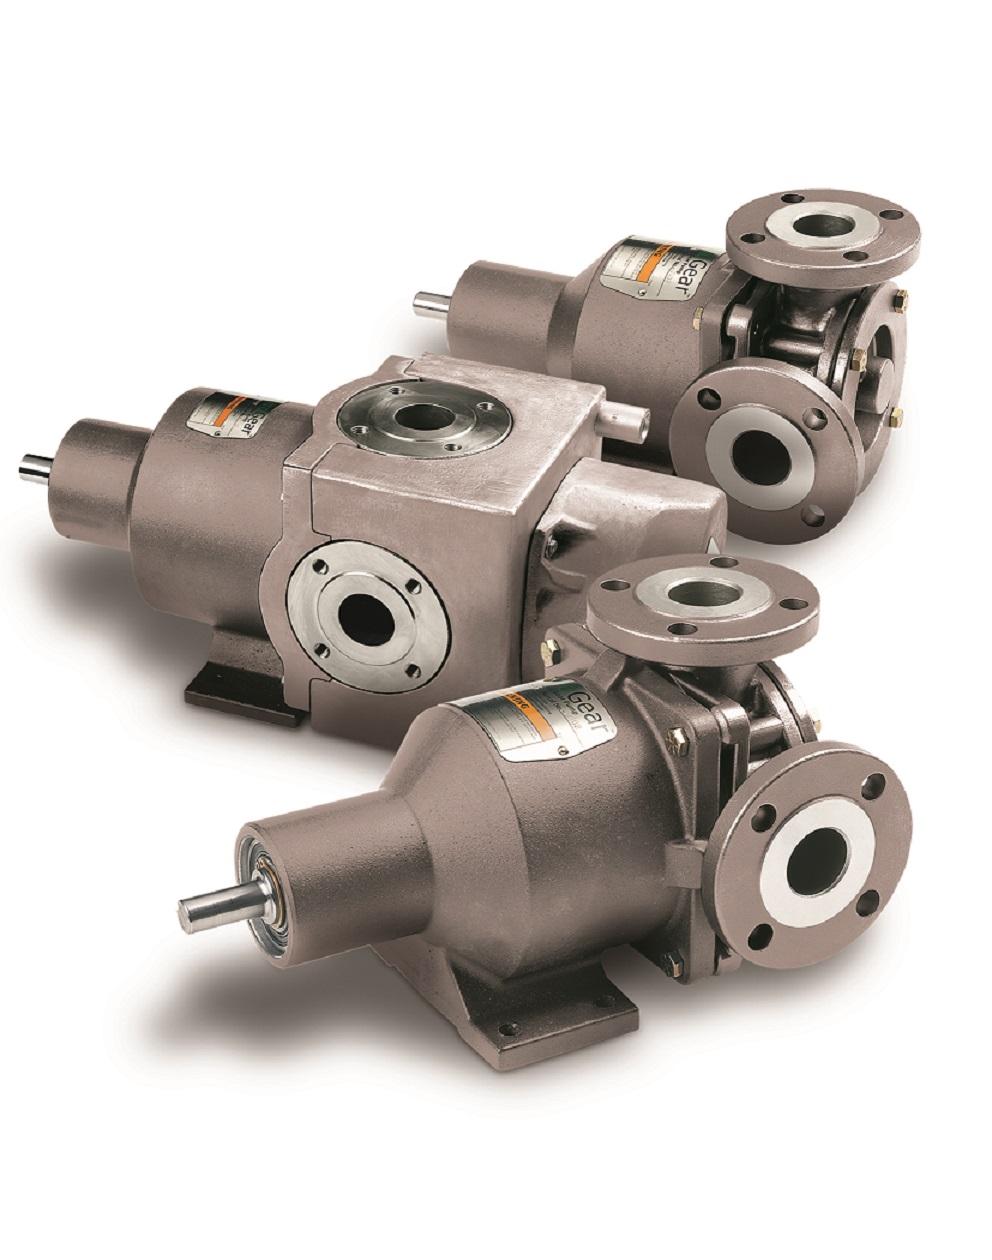 EnviroGear-Pumps
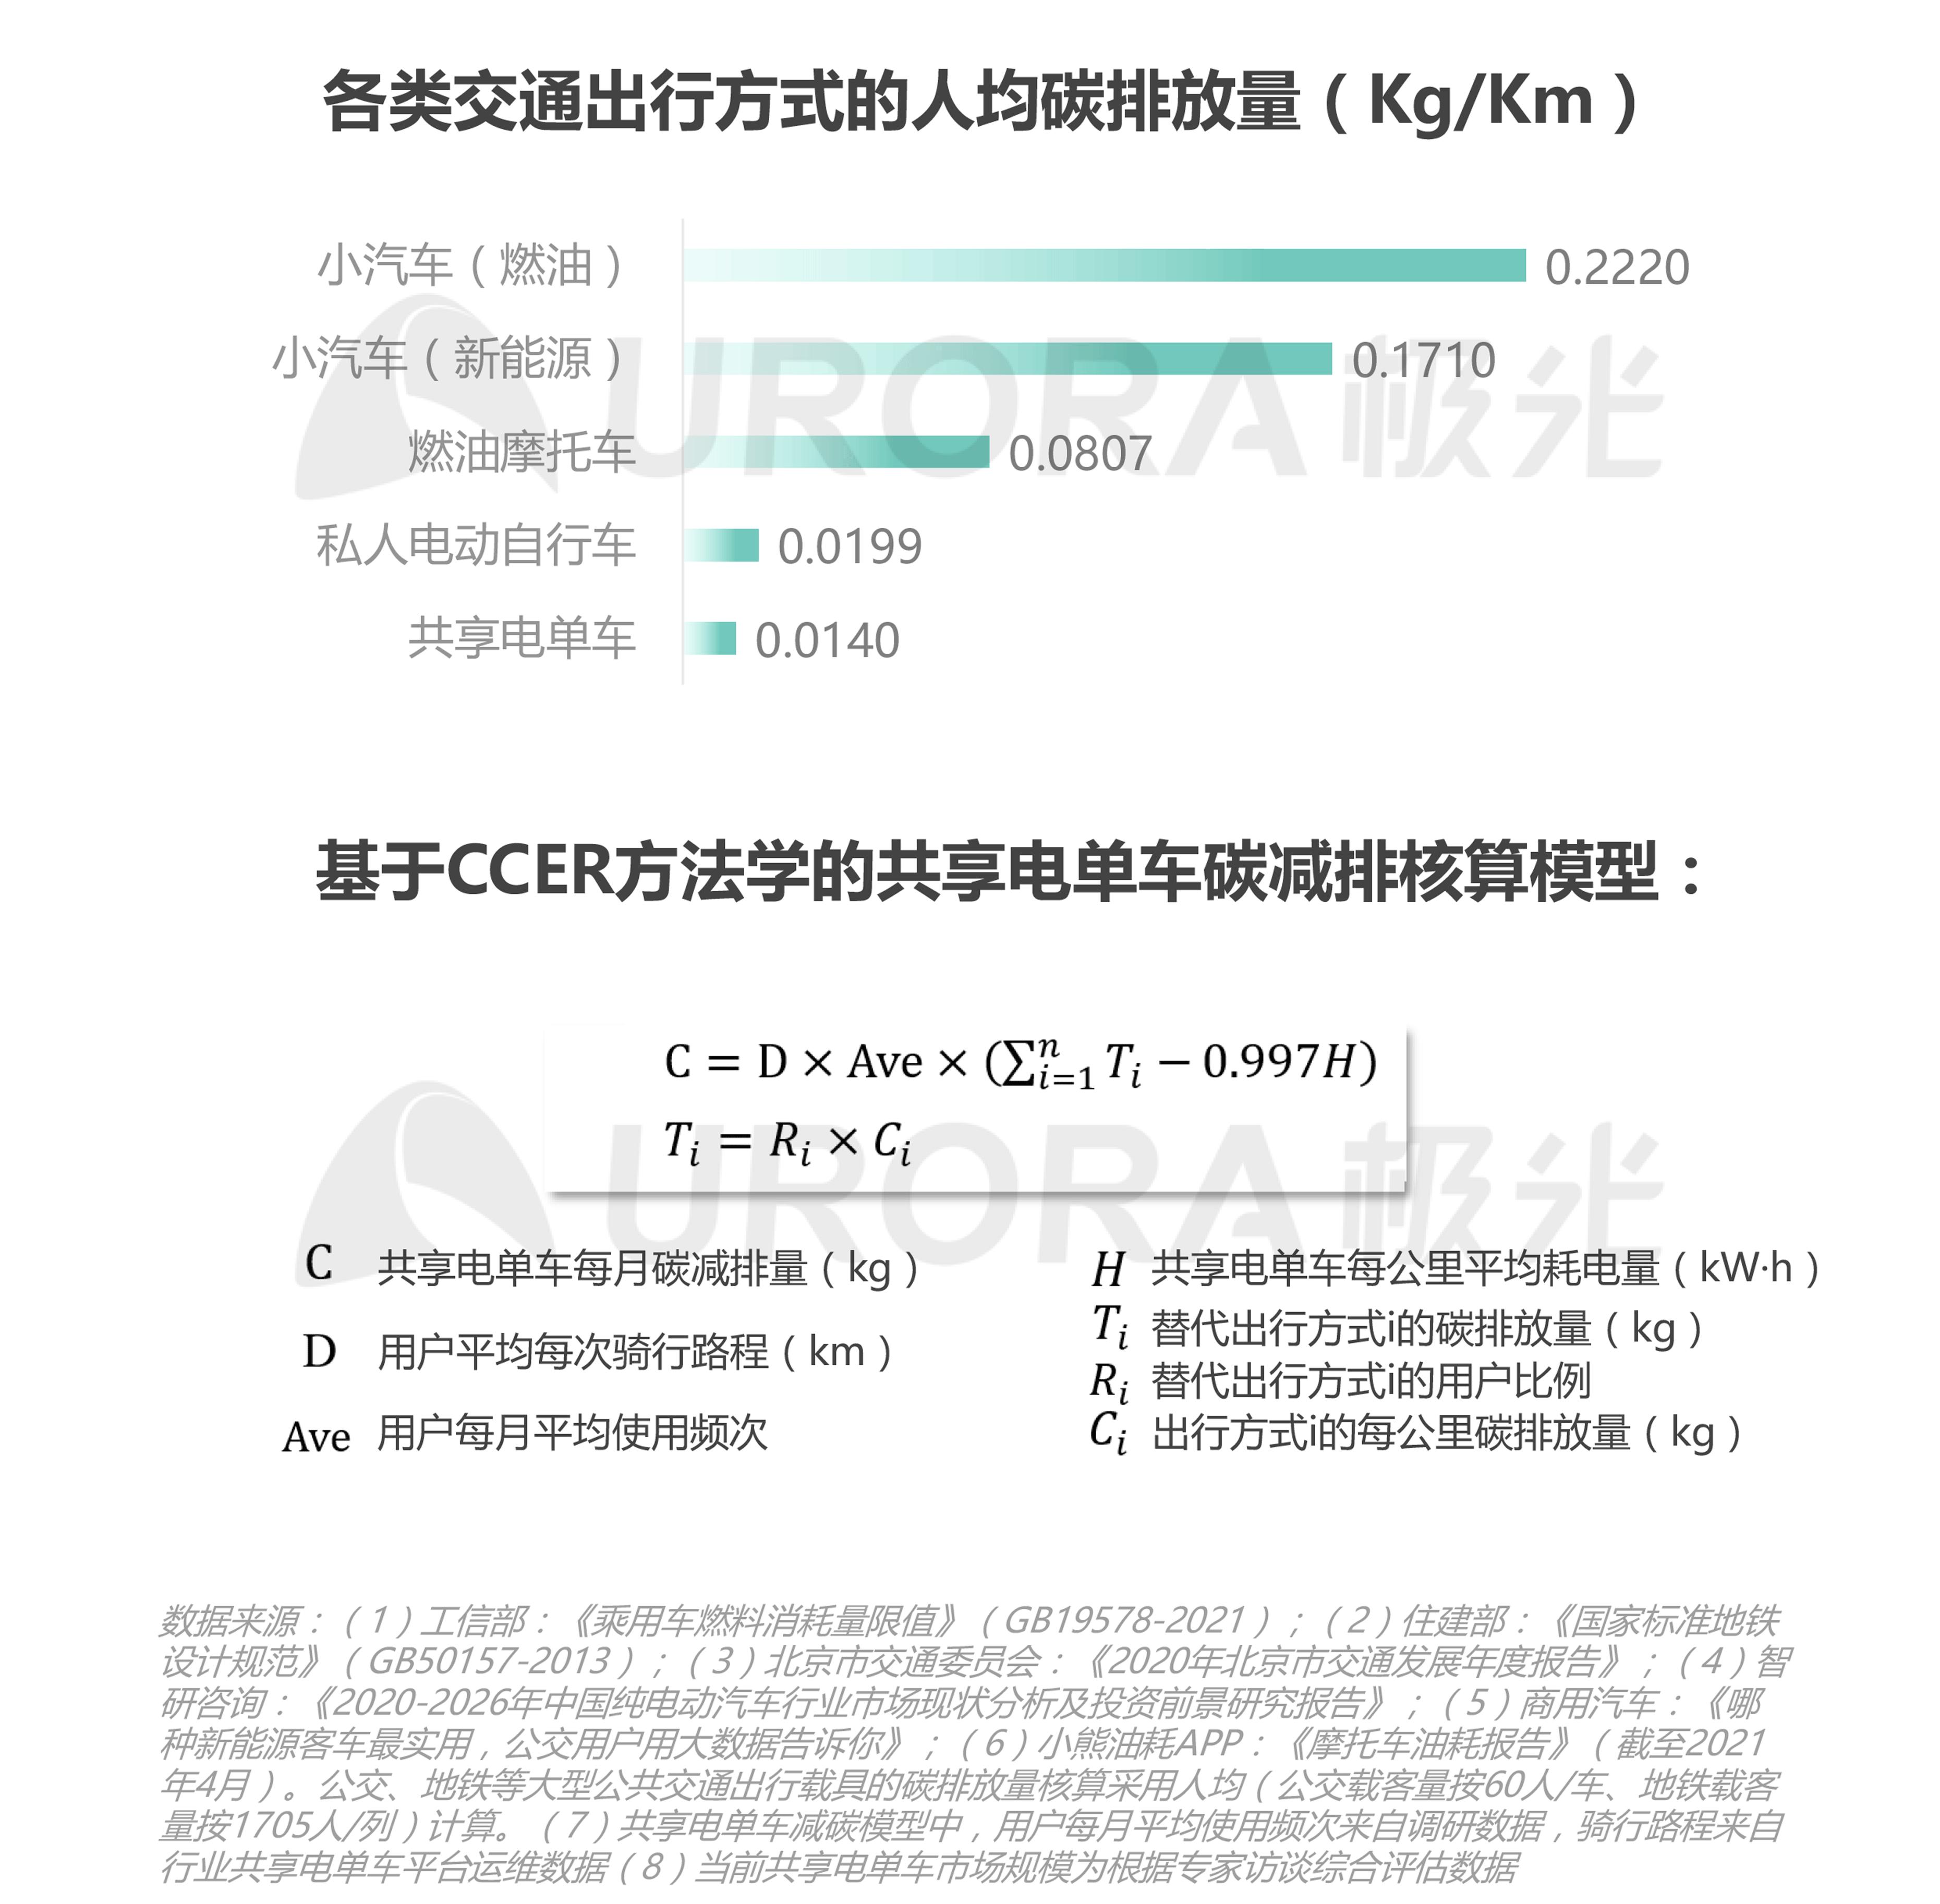 JIGUANG-共享电单车社会价值研究报告_0528(终版)-13.png
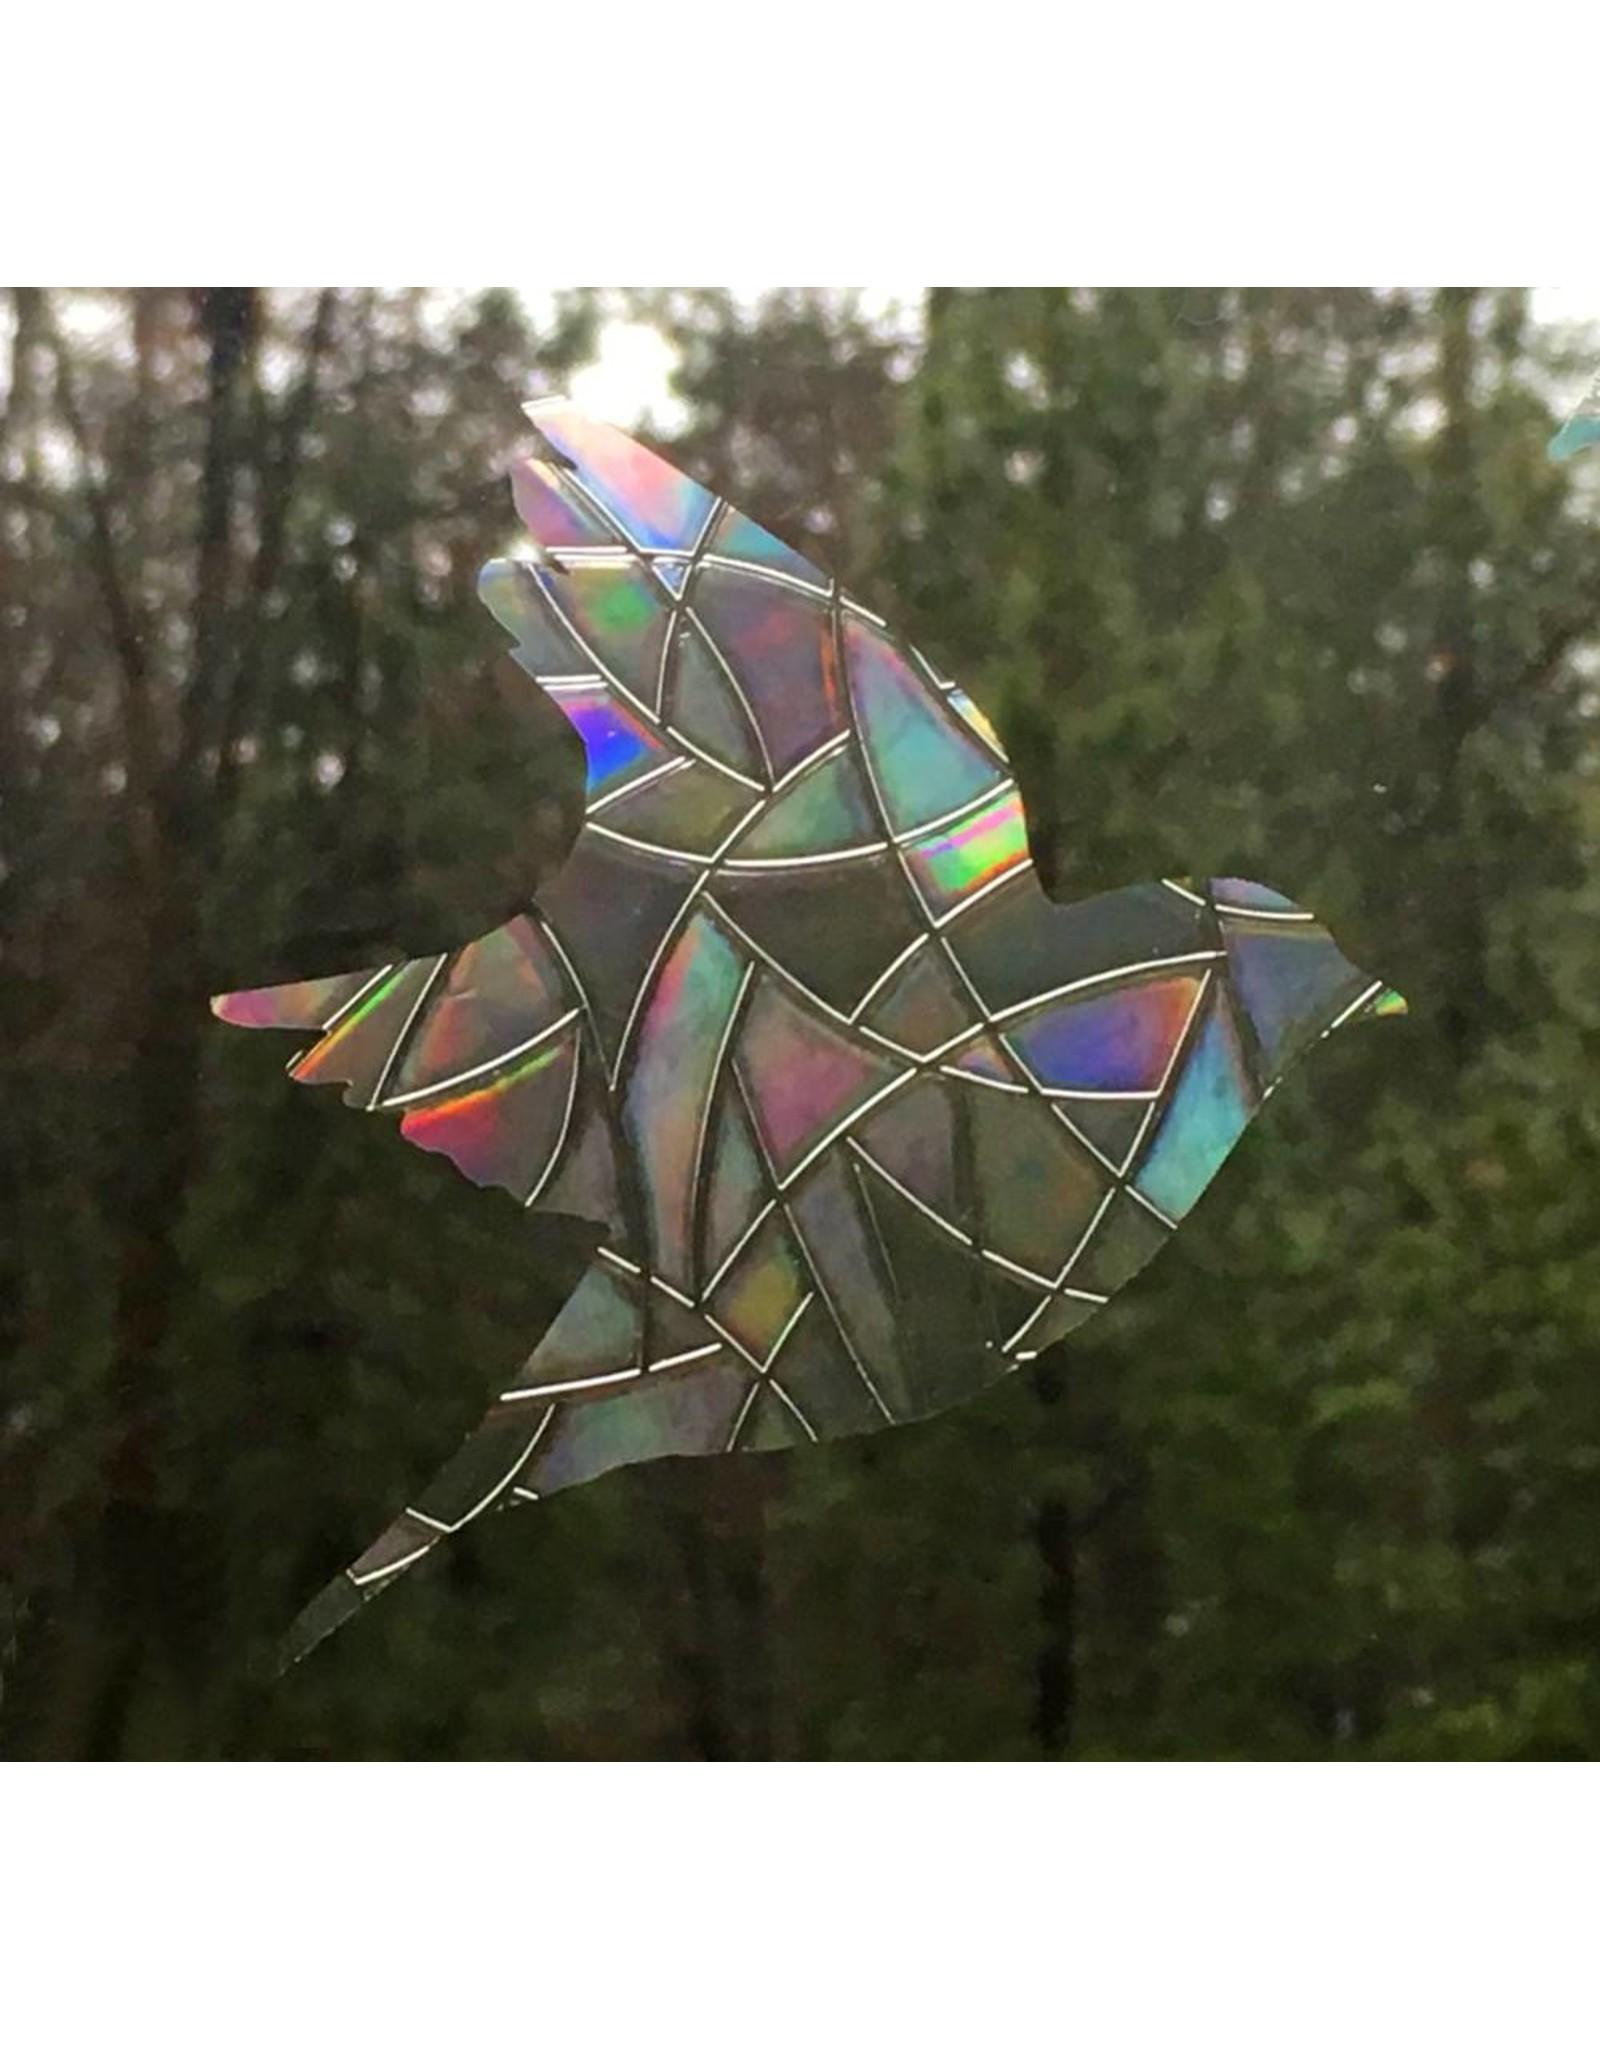 Baby Cricket Window Gems, Bird Series, 7 gems in package, Made in Mt Shasta

:::

• _Exercise_
Repeat the listing above verbatim, but exclude the pictures it contains.

• _Output_
 EnviroGear-Pumps
 JIGUANG-共享电单车社会价值研究报告_0528(终版)-13.png
 Baby Cricket Window Gems, Bird Series, 7 gems in package, Made in Mt Shasta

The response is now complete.